According to Buterin, the “ideal long-term solution” is to rely on self-management with multisig and social recovery wallets. However, in the short term, users should choose between centralized and decentralized exchanges based on the tradeoffs they are comfortable with.
|Custodial Exchanges (e.g. Coinbase Today)||User funds may be lost if there is a problem on the exchange side||Exchange can help you recover your account|
|Non-custodial exchange (e.g. Today’s Uniswap)||Users can withdraw money even if the exchange acts maliciously||If the user fails, the user’s funds may be lost|
Conclusion: A Better Exchange Future
In the short term, investors will have to choose between custody and non-custody exchanges, or decentralized exchanges like Uniswap.
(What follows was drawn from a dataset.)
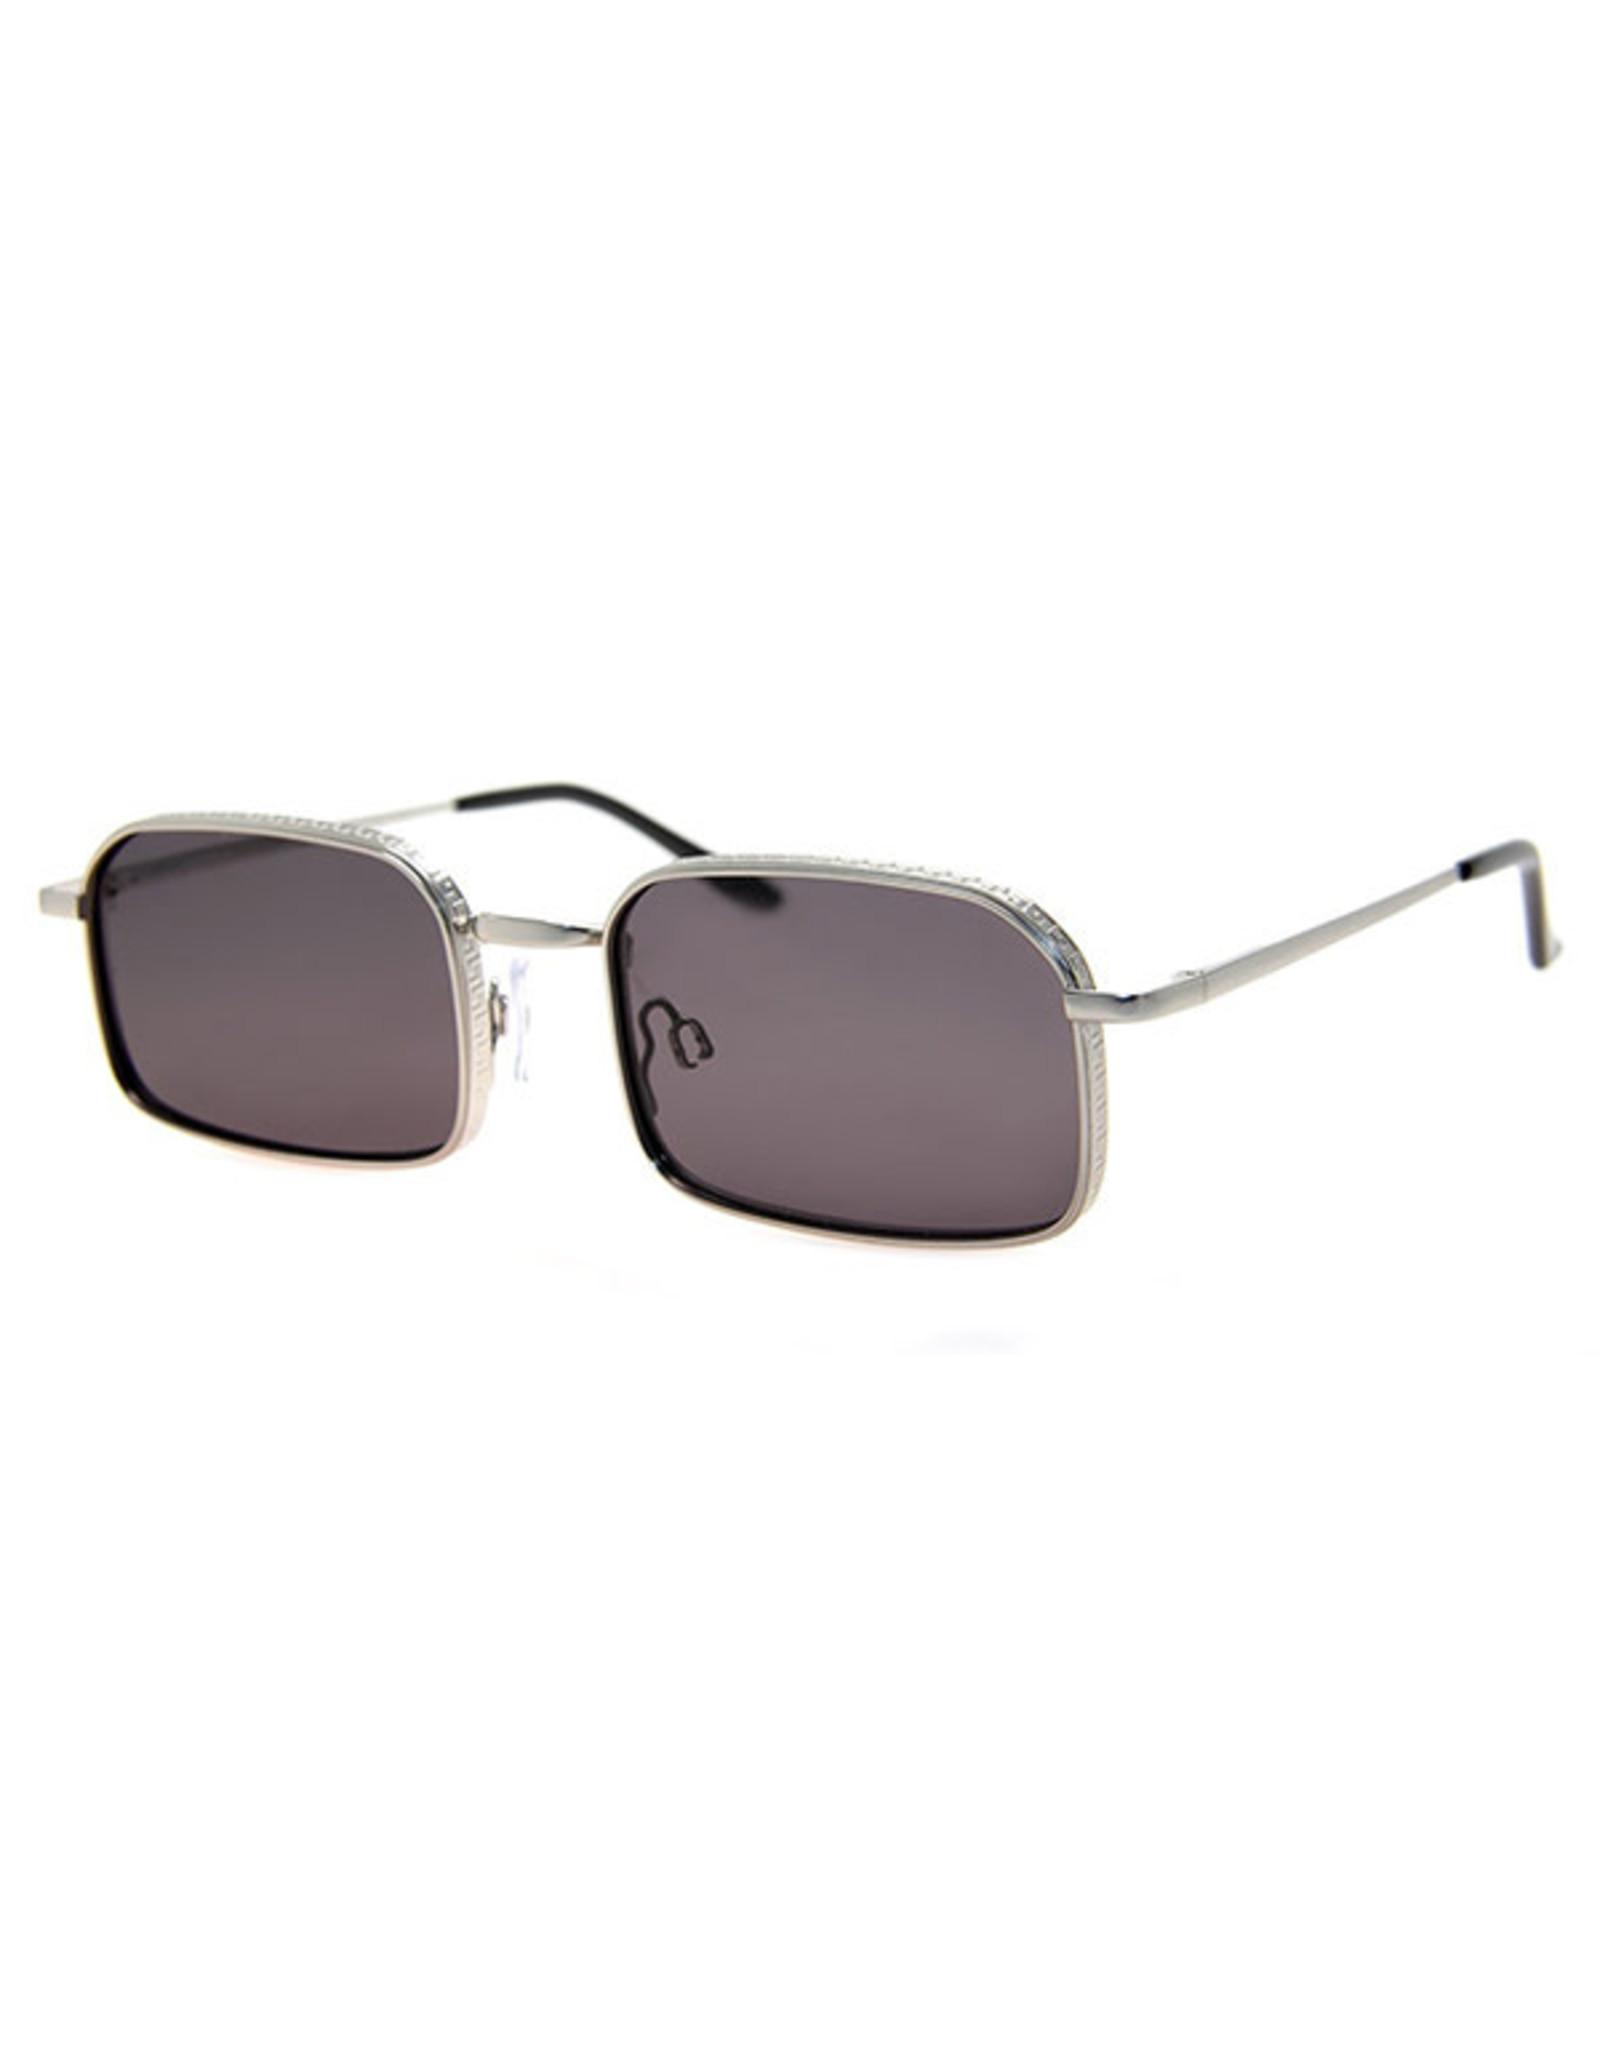 AJM - Rectangle Wire Frame Sunglasses
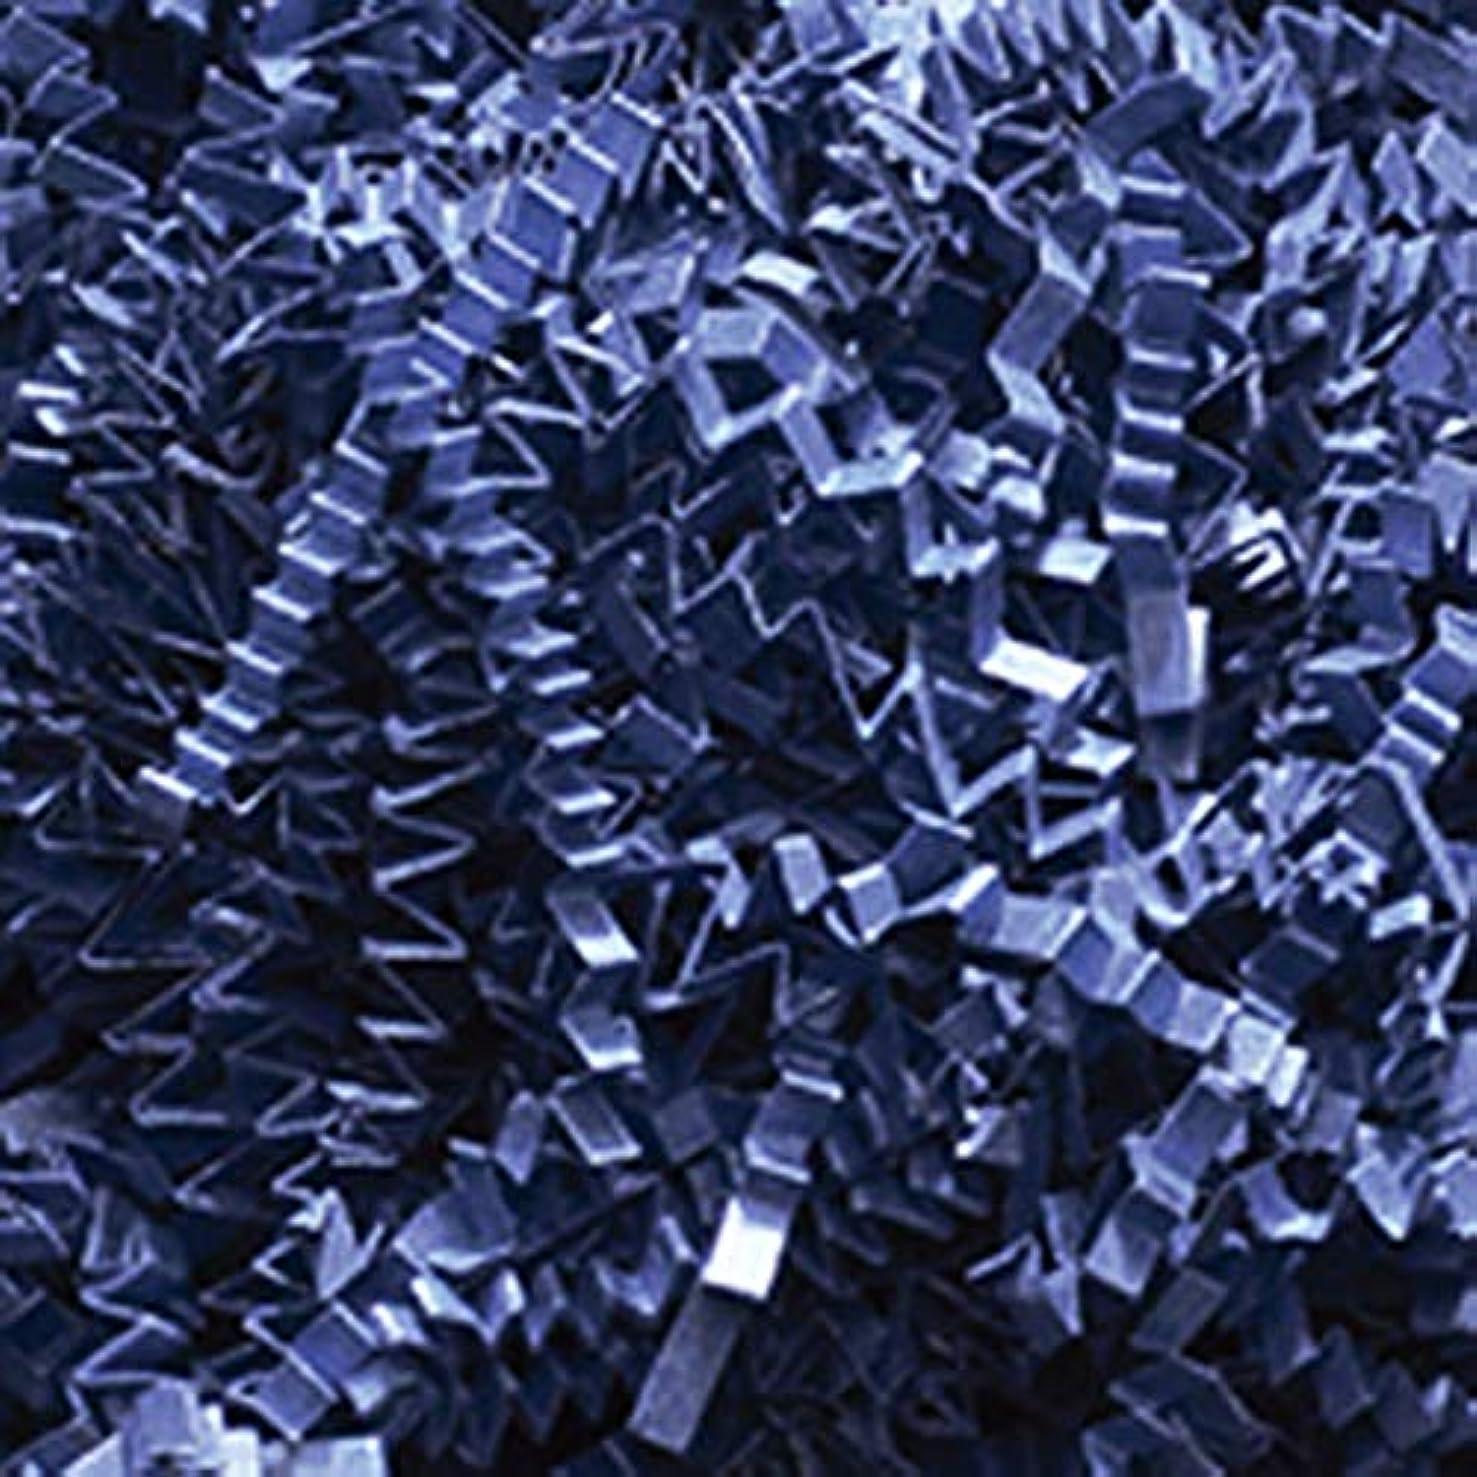 Crinkle Cut Paper Shred Filler (1 LB) for Gift Wrapping & Basket Filling (Navy)

However, in the future, some centralized exchanges may evolve, which will be smart enough to prevent exchanges from stealing users’ funds by holding balances in his contracts. , Buterin said.
The future could also bring about semi-custody exchanges, where users trust fiat exchanges rather than cryptocurrencies, he added.
Buterin noted that both types of exchanges will continue to coexist, but the easiest way to make custodial exchanges more secure is to add proof of reserve. This includes a combination of proof of property and proof of liability.
In the future, Buterin hopes that all exchanges will evolve to be non-custodial, “at least on the crypto side.” A centralized wallet recovery option will exist, but “this can be done at the wallet layer, not at the exchange itself,” he said.
On the fiat side, exchanges can deploy cash-in and cash-out processes specific to fiat-backed stablecoins such as USDT and USDC. But “it will be a while before we are fully there,” warned Buterin.